Characteristics of numbers that are divisible by 19:
Method 1: If the difference between the last three digits of an integer and the number that is separated by 7 times is divisible by 19, then the number is divisible by 19. For example, to determine whether 234555 is divisible by 19, the last three digits of 234555 are 555, and the first three digits are 234, 555-234×7=-1083, 1083÷19=57, so 234555 is divisible by 19.
Method 2: If the single digit of an integer is truncated, and then add 2 times the single digit from the remaining number. If the sum is a multiple of 19, the original number can be divisible by 19. If the sum is too large or it is difficult to see if it is a multiple of 19 by mental arithmetic, it is necessary to continue the above process of "truncating, multiplying, adding, and checking the sum" until a clear judgment can be made.

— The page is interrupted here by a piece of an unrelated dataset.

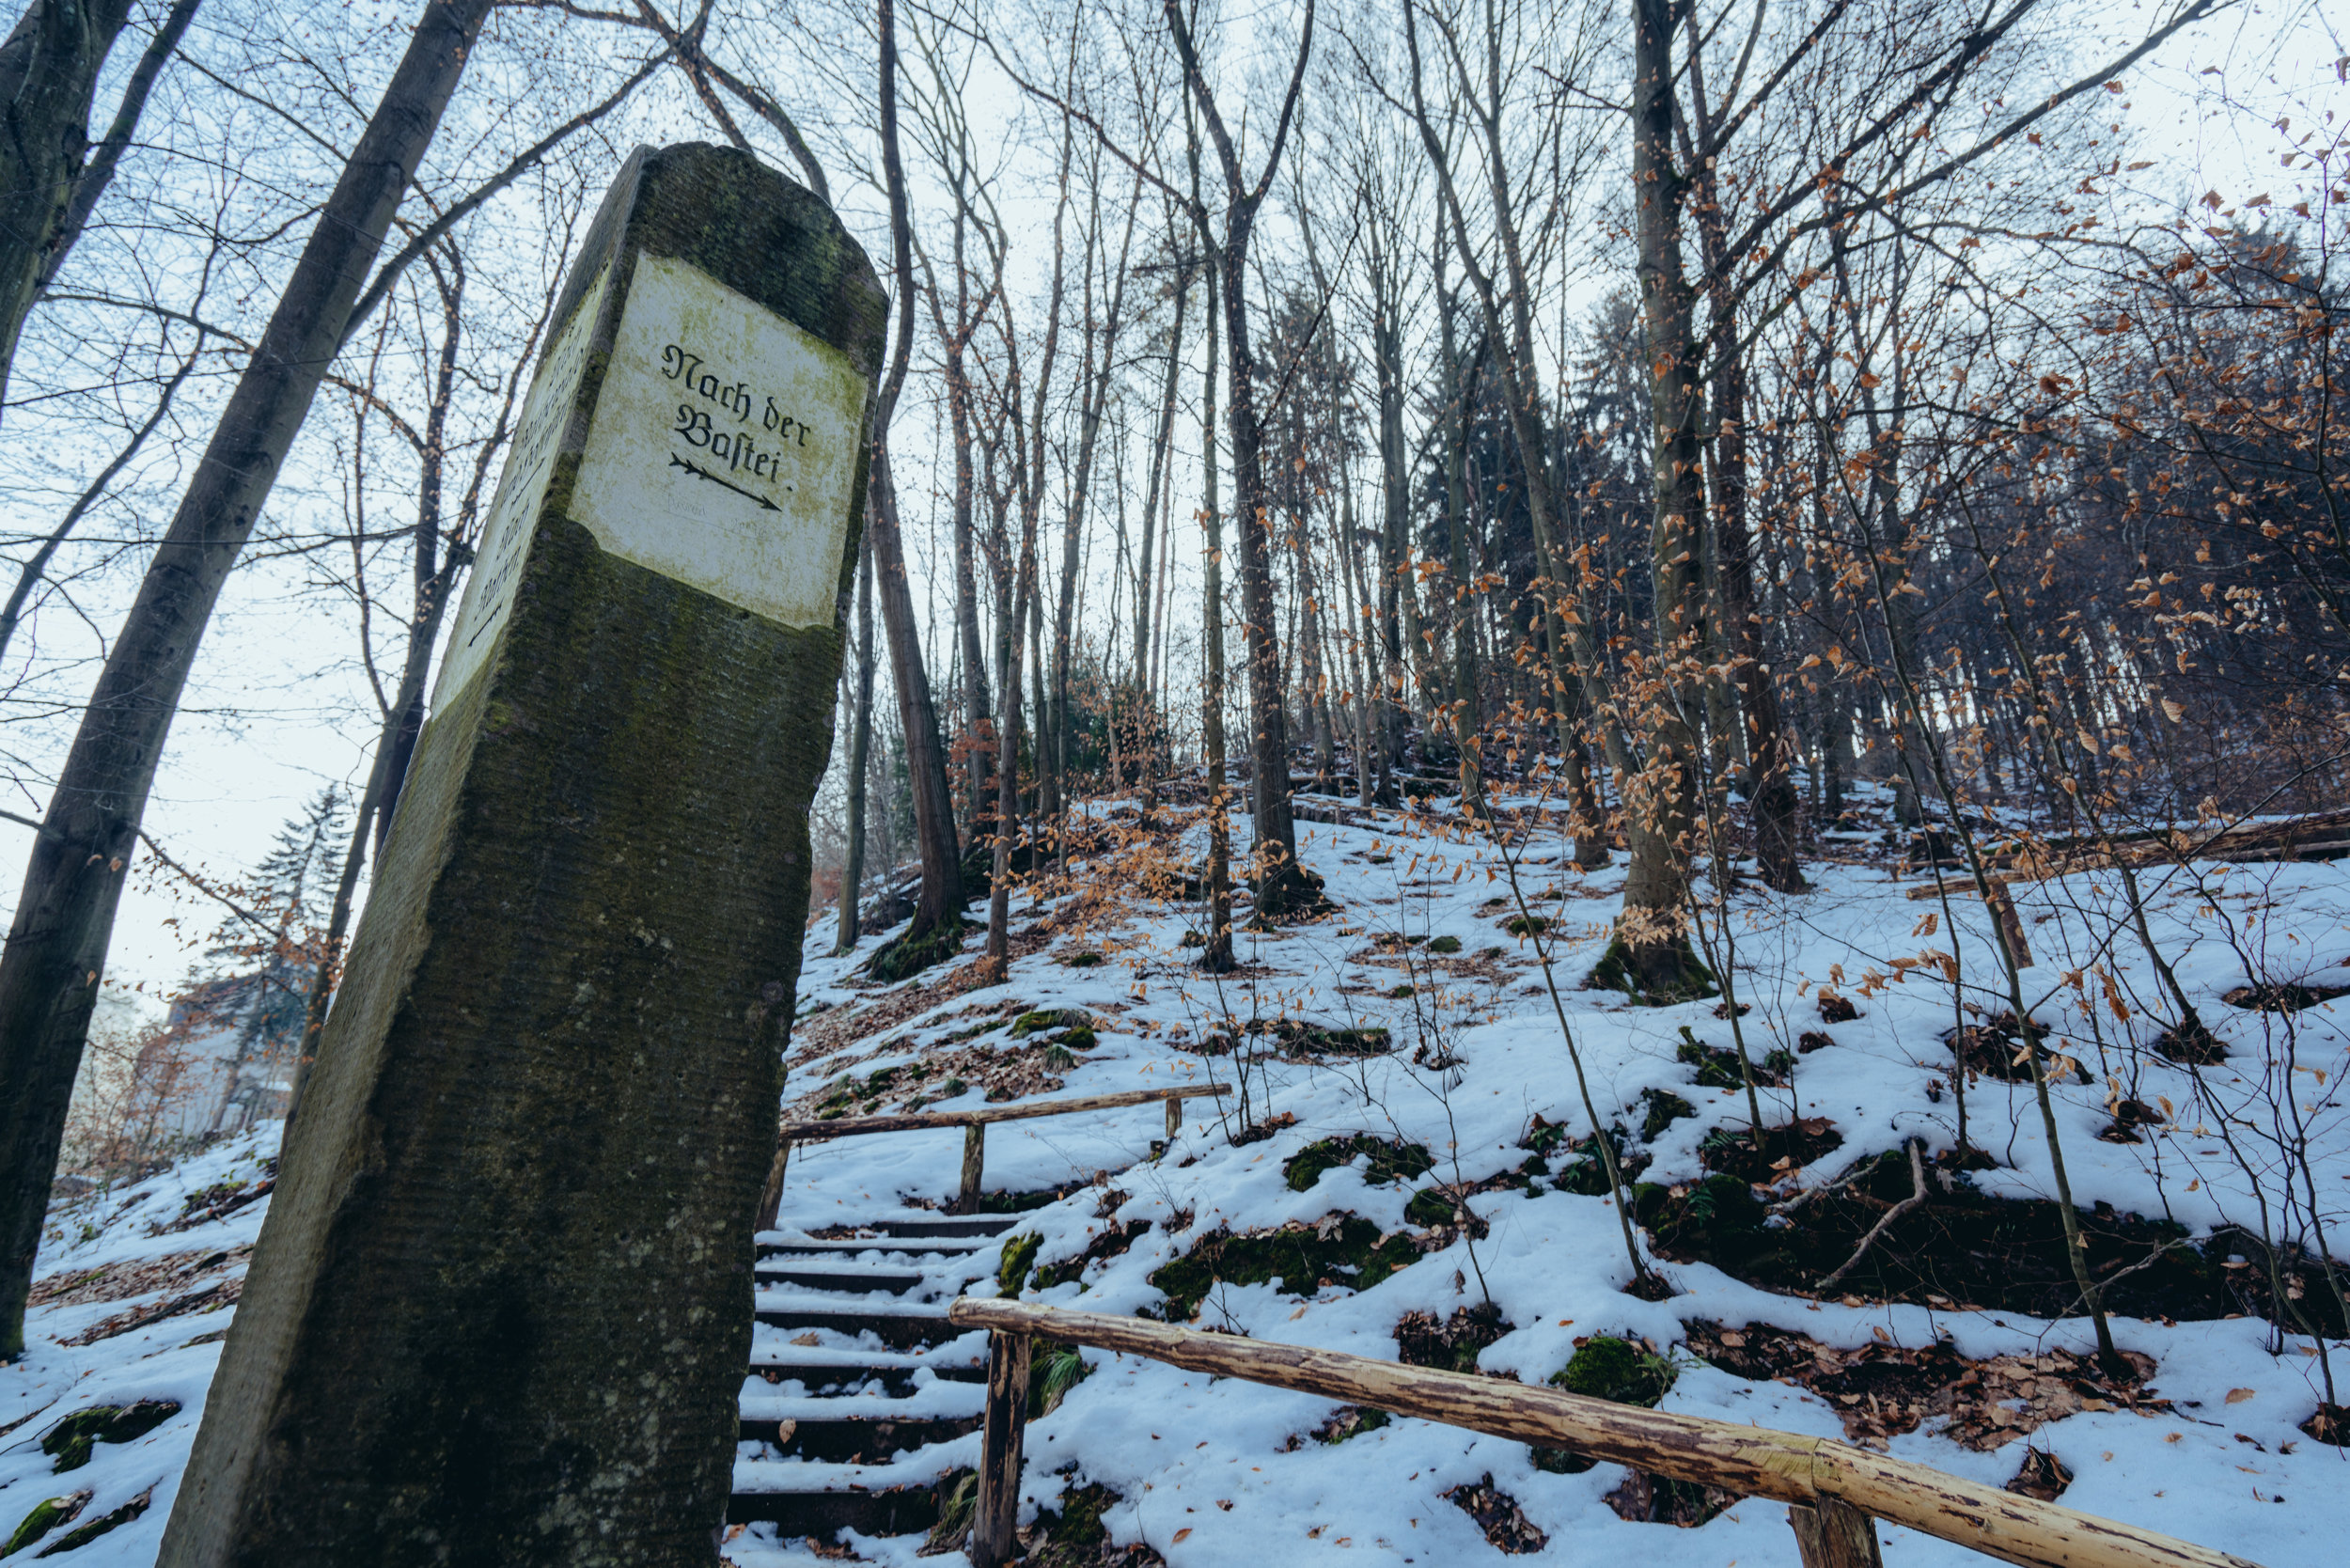 A signpost pointing to Bastei, Saxon Switzerland National Park

Characteristics of numbers divisible by 23:
If the difference between the last four digits of an integer and the number separated by 5 times before can be divisible by 23 (or 29), then the number is divisible by 23.
Characteristics of numbers divisible by 25:
If the last two digits of a number are divisible by 25, the number is divisible by 25.
Characteristics of numbers divisible by 125:
If the last three digits of a number are divisible by 125, then the number is divisible by 125.